# PARLA

## Problem
Implement a function that calculates CUPED-metric based on two dataframes:
- a dataframe, containing metric values during the experiment
- a dataframe, containing covariate values

## Action
- extracted covariate values and metric values from input dataframes
- calculated covariance and variance
- calculated theta
- adjusted and rounded metric values

## Result
The implemented function successfully passed all tests.

## Learning
- I revised relevant Python, Numpy, and Pandas functionality
- I learned how to perform CUPED adjustment of experimental data

## Application
- I can apply relevant Python, Numpy, and Pandas functionality for similar data-related problems
- I can apply CUPED adjustment for real-world AB-testing data


In [6]:

import numpy as np
import pandas as pd


In [7]:

def calculate_cuped_metric(
        df_metric: pd.DataFrame,
        df_cov: pd.DataFrame
) -> pd.DataFrame:
    """
    Calculates CUPED-adjusted metric values.
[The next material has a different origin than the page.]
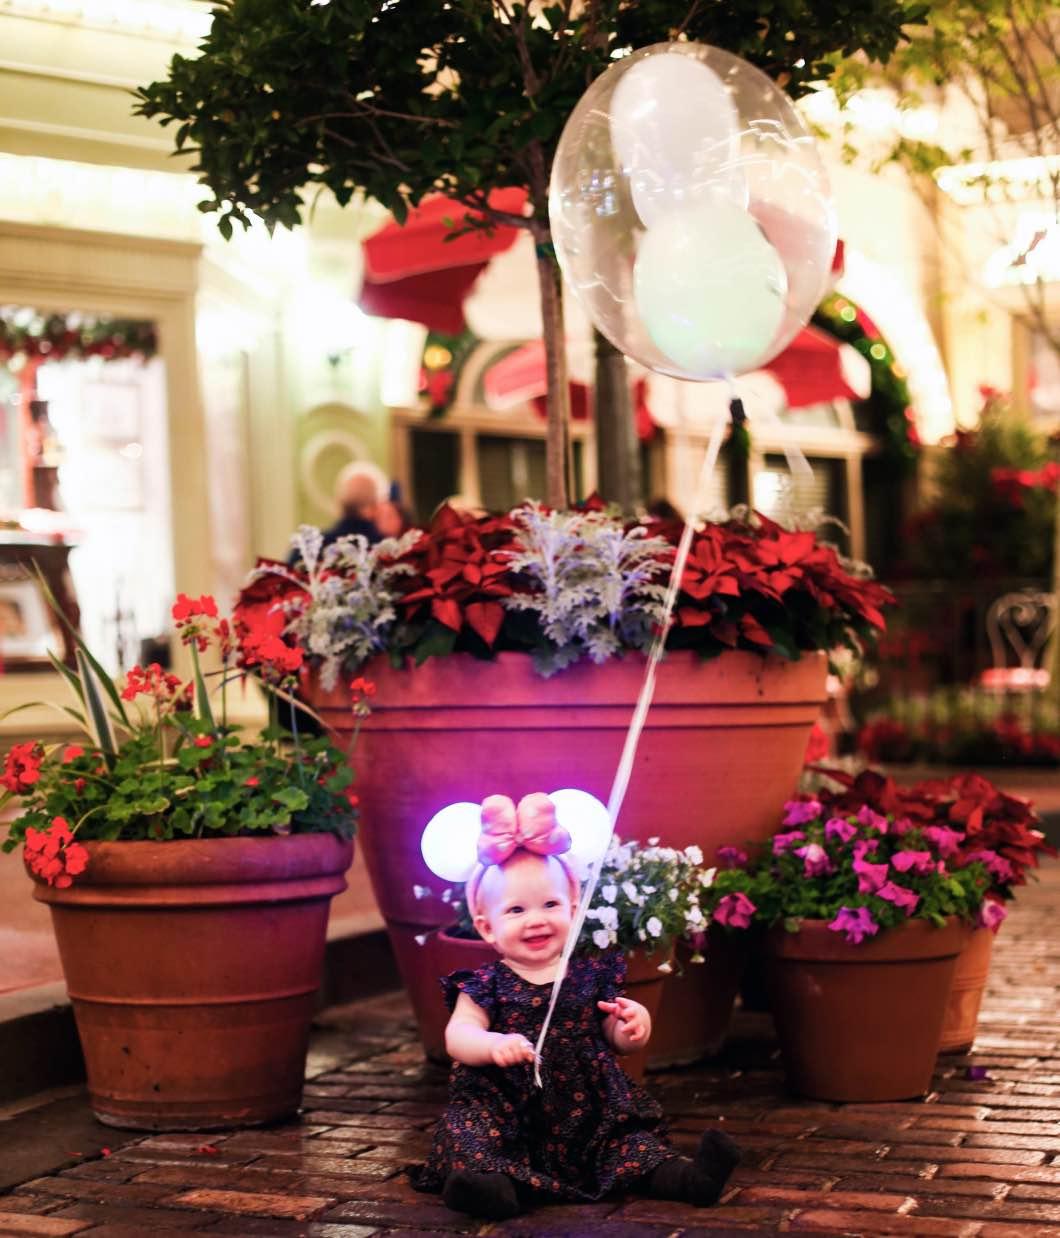 Mickeys Very Merry Christmas Main Street baby - Holiday Attractions in Orlando by Atlanta travel blogger Happily Hughes

    :param df_metric: A DataFrame with metric values during the experiment,
        containing columns ['user_id', 'metric'].
    :param df_cov: A DataFrame with covariate values,
        containing columns ['user_id', 'cov'].

    :return: A DataFrame with CUPED-adjusted metric values,
        containing columns ['user_id', 'metric'].
    """

    # extract covariate values and metric values from input dataframes
    x = df_cov['cov']
    y = df_metric['metric']
    df = pd.merge(df_metric, df_cov, on='user_id')

    # calculate covariance and variance
    covariance = np.cov(df['cov'], df['metric'])[0, 1]
    variance = np.var(df['cov'])

    # calculate theta
    theta = covariance / variance

    # adjust and round metric values
    df['metric'] = df['metric'] - theta * (df['cov'] - np.mean(df['cov']))
    df['metric'] = np.round(df['metric'], 2)
    del df['cov']
    return df


In [8]:

# testing function calculate_cuped_metric()
df_metric = pd.DataFrame({'user_id': [1, 2, 3], 'metric': [2000, 2500, 3000]})
df_cov = pd.DataFrame({'user_id': [1, 2, 3], 'cov': [1100, 1500, 0]})
df_answer = pd.DataFrame({'user_id': [1, 2, 3], 'metric': [2159.53, 2933.01, 2407.46]})
df_result = calculate_cuped_metric(df_metric, df_cov)

if df_answer.equals(df_result):
    print('test case 01: passed')
else:
    print('test case 01: failed')


test case 01: passed